Zarean describió el contexto no declarado del documento como un reconocimiento implícito del declive del poder estadounidense y su incapacidad para gestionar crisis globales, admitiendo el fracaso de estrategias anteriores tanto a nivel interno como externo, y una transición de un sistema unipolar a uno internacional multipolar que reconoce a Rusia y China como potencias globales. Señaló que la notable presencia del nombre de Trump en el documento refleja una dimensión personal, intentando retratarlo como un realizador de logros y un paladín de la paz mundial.

Zarean también abordó las contradicciones en el documento, afirmando que Washington intenta sugerir que el dossier iraní se ha resuelto, pero que la vinculación de los temas de energía, vías marítimas y seguridad de Israel con Irán y el eje de la resistencia indica que Teherán sigue siendo un desafío no resuelto para Estados Unidos. Aseguró que el documento refleja la hegemonía de las ideas de la extrema derecha, que rechaza el orden liberal global, al tiempo que destaca el apoyo a regímenes autoritarios por motivos económicos y critica las instituciones internacionales en las que la confianza estadounidense ha disminuido.

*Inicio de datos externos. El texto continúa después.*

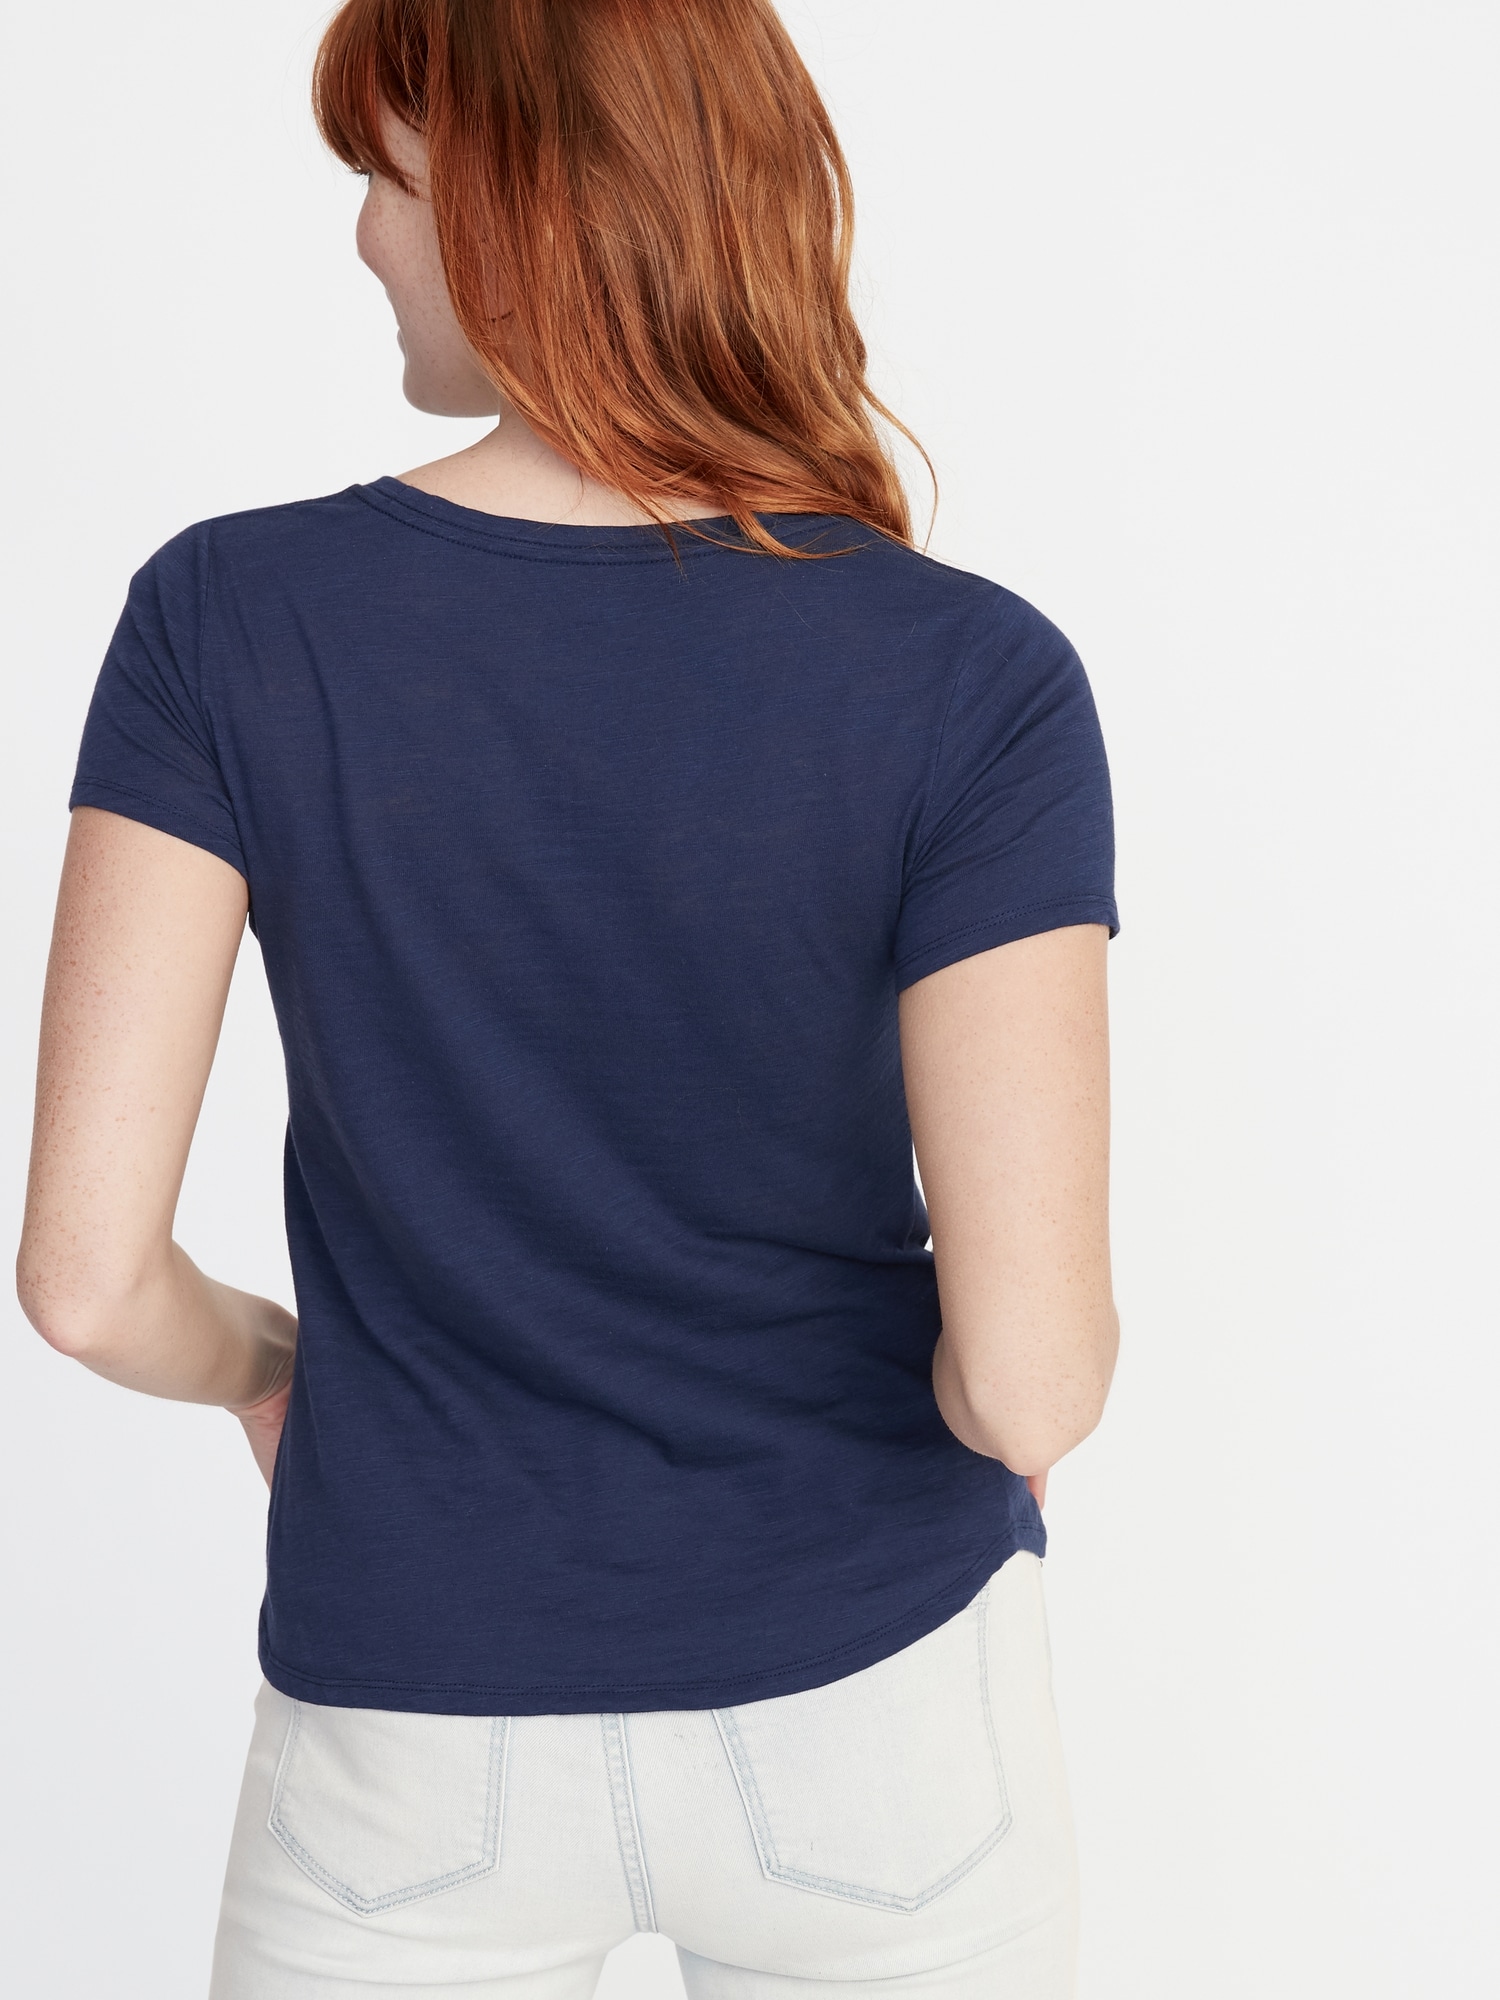 Relaxed Graphic Slub-Knit Tee for Women | Old Navy

En respuesta a una pregunta sobre la fiabilidad del documento, Zarean afirmó que restar importancia a Oriente Medio y al dossier iraní no es realista. Subrayó que la apertura de un consulado estadounidense en el Kurdistán, los intentos de desarmar a Hezbolá y los esfuerzos para disolver las Unidades de Movilización Popular en Irak confirman que Estados Unidos no tiene intención de abandonar la región y continuará con su enfoque intervencionista.

Asimismo, indicó que Washington busca gestionar la tensión con Rusia y China en América Latina mediante presión económica y psicológica, en lugar de un enfrentamiento militar directo, ya sea en Venezuela o en otros países.

Respecto a Corea del Norte y Afganistán, Zarean confirmó que Estados Unidos evita los asuntos de alto costo y rendimiento limitado, abordándolos según un cálculo de ganancias y pérdidas.